Forecasts of commodity prices represent vital issues to market participants and policy makers. Those of cooking oil are of no exception. In the present study, the forecast problem is investigated for weekly wholesale price indices of canola and soybean oil in China during January 1, 2010–January 3, 2020. The forecast technique adopted here is the non-linear auto-regressive neural network and the final models for the two commodities are built by exploring different model settings. For price indices of both commodities, the final models are constructed based upon the Levenberg–Marquardt algorithm (Levenberg 1944; Marquardt 1963) and a data splitting ratio of 70% vs. 15% vs. 15% for training, validation, and testing. The model for the price index of canola oil uses 5 delays and 5 hidden neurons, and that for the price index of soybean oil uses 3 delays and 5 hidden neurons. The models lead to accurate and stable forecast performance. Particularly, the model for the price index of canola oil generates relative root mean square errors (RRMSEs) of 2.66, 1.46, and 2.17% for training, validation, and testing, respectively, and the overall RRMSE of 2.45%, and the model for the price index of soybean oil generates RRMSEs of 2.33, 1.96, and 1.98% for training, validation, and testing, respectively, and the overall RRMSE of 2.23%. Our results might serve as technical forecasts on a standalone basis or be combined with other fundamental forecasts for perspectives of price trends and associated policy analysis.
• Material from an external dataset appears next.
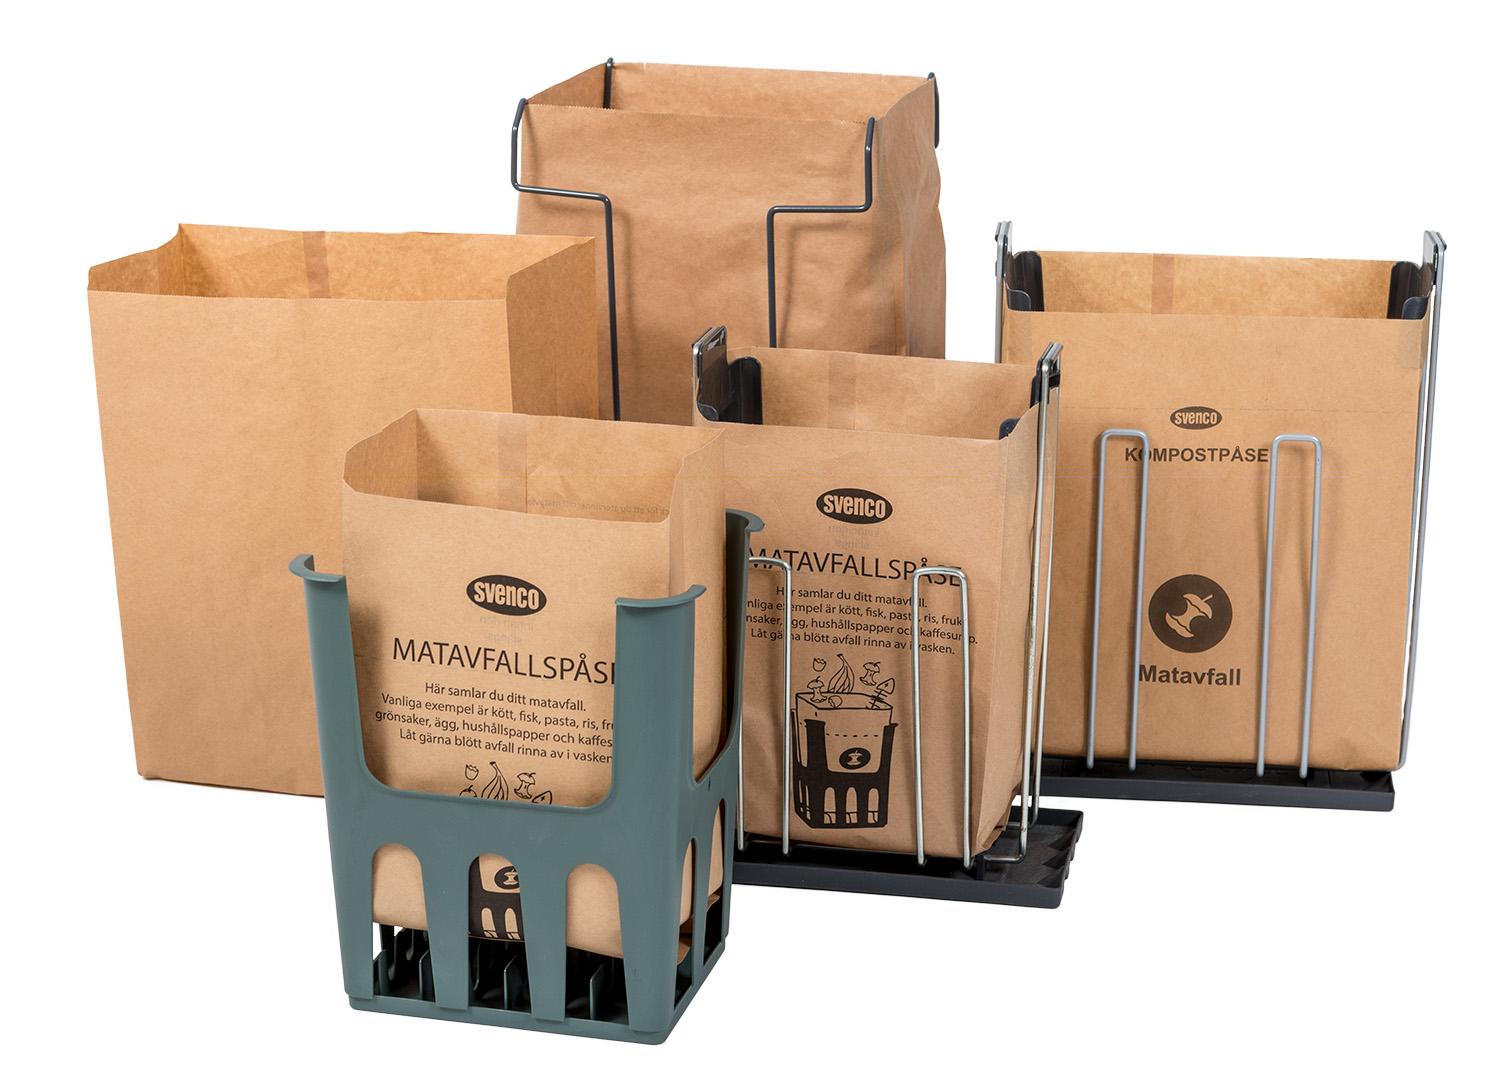 Påsar för matavfallsinsamling - Svenco

The framework presented here should not appear to be difficult to implement, which can be an important consideration to decision makers (Brandt and Bessler 1983), and it might also have the potential to be generalized to related forecast problems of other agricultural commodities and in other economic sectors, such as the energy, metal, and mineral. Future research of interest might be examining the potential of combining (non)linear time series techniques and graph theory from machine learning for price forecasts (Kano and Shimizu 2003; Shimizu et al. 2006; Xu and Zhang 2022g; Shimizu and Kano 2008; Shimizu et al. 2011; Xu 2014a; Bessler and Wang 2012). Exploring economic significance of adopting neural network modeling or other machine learning techniques for price forecasts might also be a worthwhile avenue for future research (Yang et al. 2008, 2010; Wang and Yang 2010).